To stop the debugger, simply type q.
6.6.3.3
Debugger command summary
First, let's try to find the bug in Example 6-4 when it's called with no
arguments:
$ perl -d example6-4
Default die handler restored.
Loading DB routines from perl5db.pl version 1.07
Editor support available.
Enter h or 'h h' for help, or 'man perldebug' for more help.
main::(example6-4:11): my $dna = 'CGACGTCTTCTAAGGCGA';
DB<1>
Let's stop right here at the beginning and look at a few
things. After some messages, which may not mean a whole lot right
now, you get the excellent information that the commands
h and h h
give more help. Let's try h
h:
DB<1> h h
List/search source lines: Control script execution:
l [ln|sub] List source code T Stack trace
- or . List previous/current line s [expr] Single step [in expr]
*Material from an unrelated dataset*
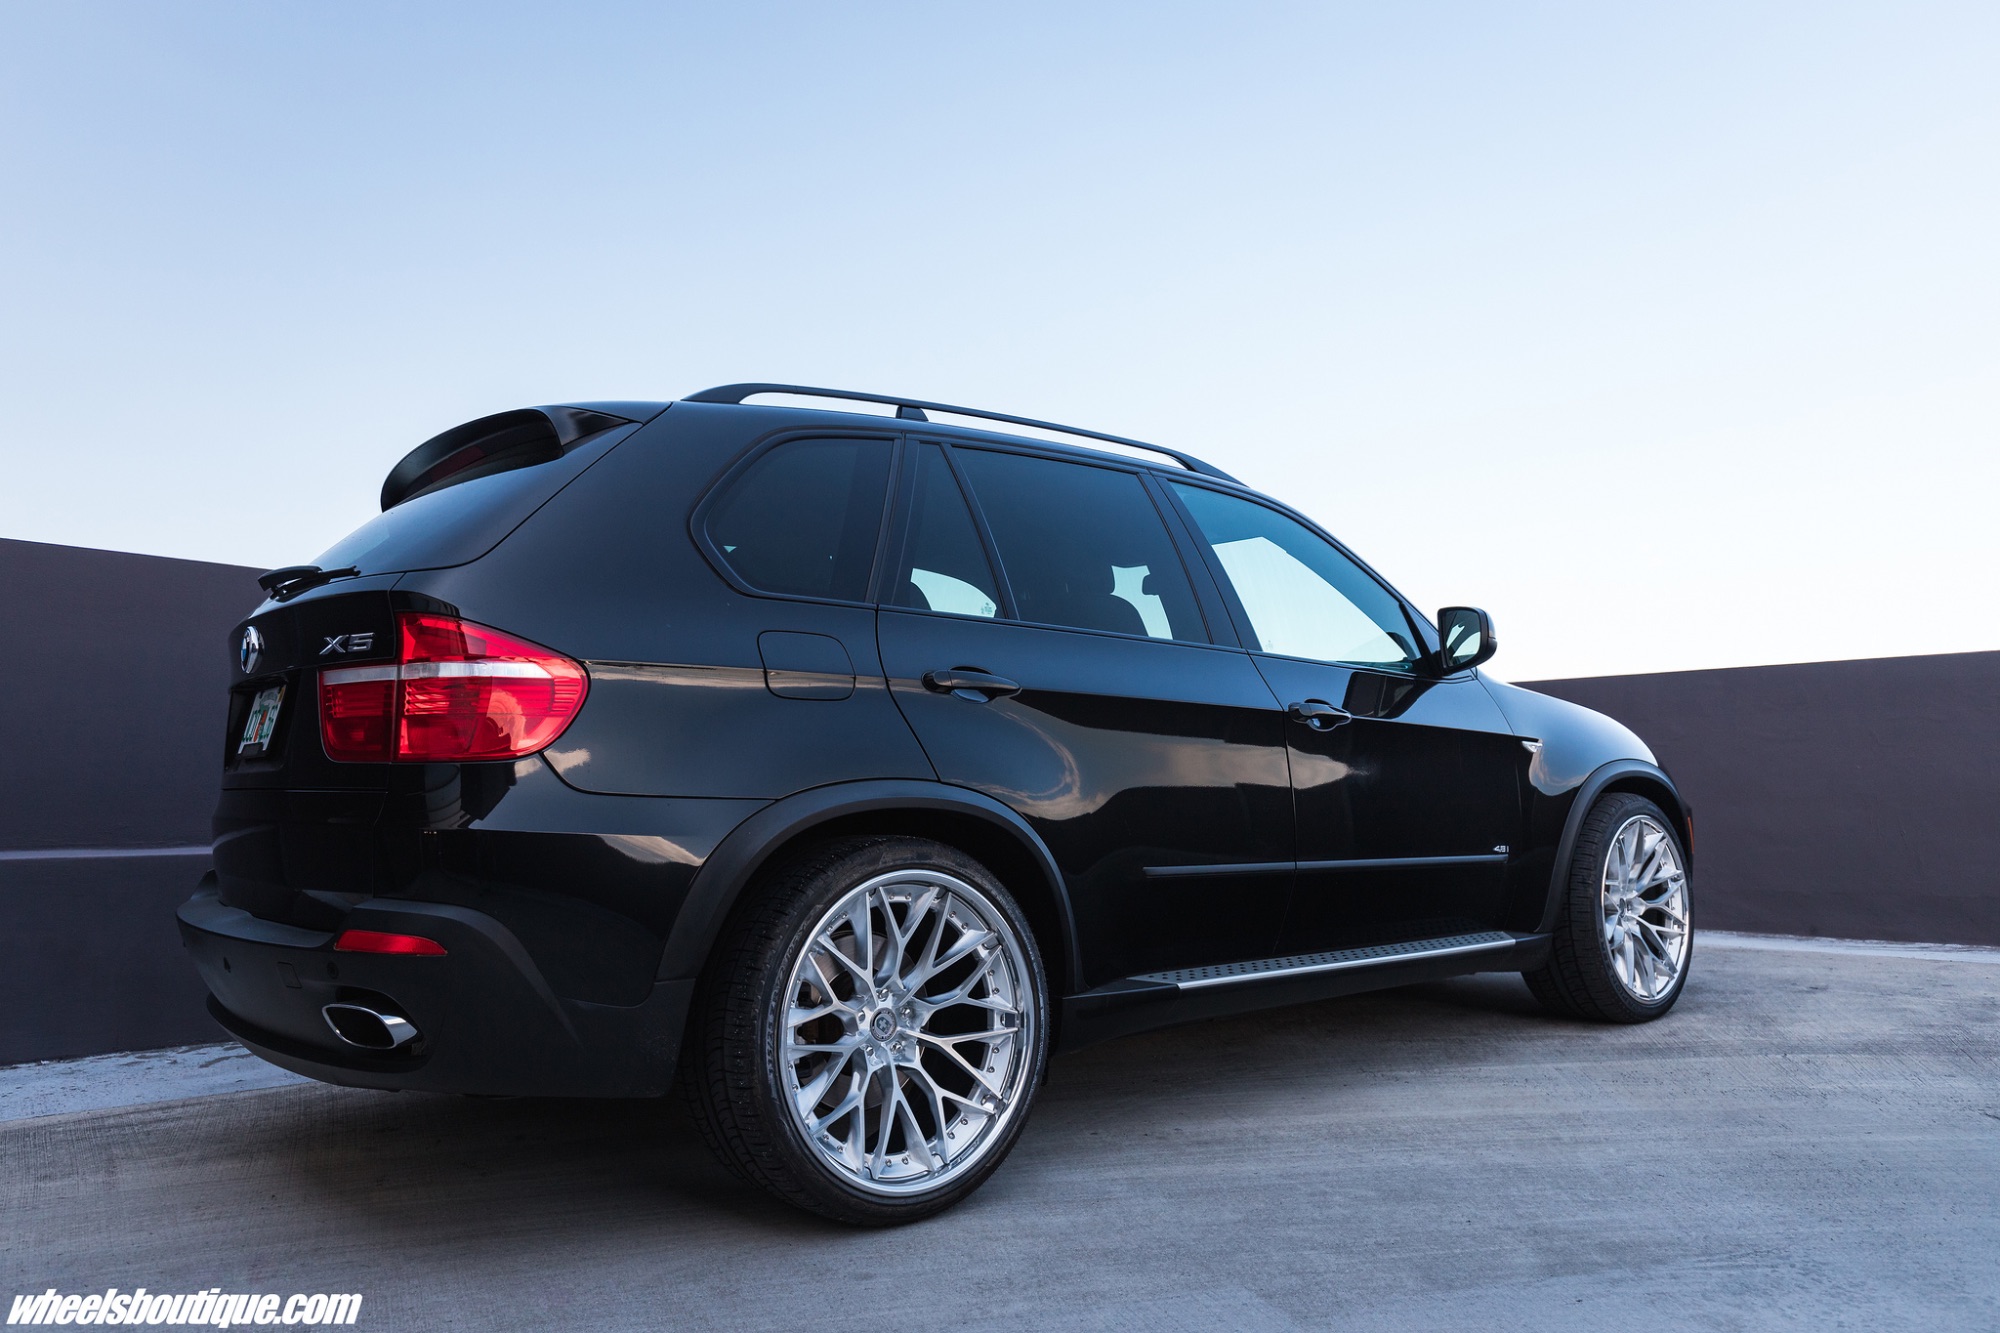 BMW X5 E70 Black HRE S200 Wheel Front

w [line] List around line n [expr] Next, steps over subs
f filename View source in file <CR/Enter> Repeat last n or s
/pattern/ ?patt? Search forw/backw r Return from subroutine
v Show versions of modules c [ln|sub] Continue until position
Debugger controls: L List break/watch/actions
O [...] Set debugger options t [expr] Toggle trace [trace expr]
<[<]|{[{]|>[>] [cmd] Do pre/post-prompt b [ln|event|sub] [cnd] Set breakpoint
! [N|pat] Redo a previous command d [ln] or D Delete a/all breakpoints
H [-num] Display last num commands a [ln] cmd Do cmd before line
= [a val] Define/list an alias W expr Add a watch expression
h [db_cmd] Get help on command A or W Delete all actions/watch
|[|]db_cmd Send output to pager ![!] syscmd Run cmd in a subprocess
q or ^D Quit R Attempt a restart
Data Examination: expr Execute perl code, also see: s,n,t expr
x|m expr Evals expr in list context, dumps the result or lists methods.
p expr Print expression (uses script's current package).
S [[!]pat] List subroutine names [not] matching pattern
V [Pk [Vars]] List Variables in Package. Vars can be ~pattern or !pattern.
X [Vars] Same as "V current_package [Vars]".
For more help, type h cmd_letter, or run man perldebug for all docs.
DB<2>
It's a bit hard to read, but
you have a concise summary of the
debugger commands. You can also use the h command,
which gives several screens worth of information. The
| h command displays those
several pages one at a time; the pipe
at the beginning of a debugger command
pipes the output through a pager, which typically advances a page
when you hit the spacebar on your keyboard. You should try those out.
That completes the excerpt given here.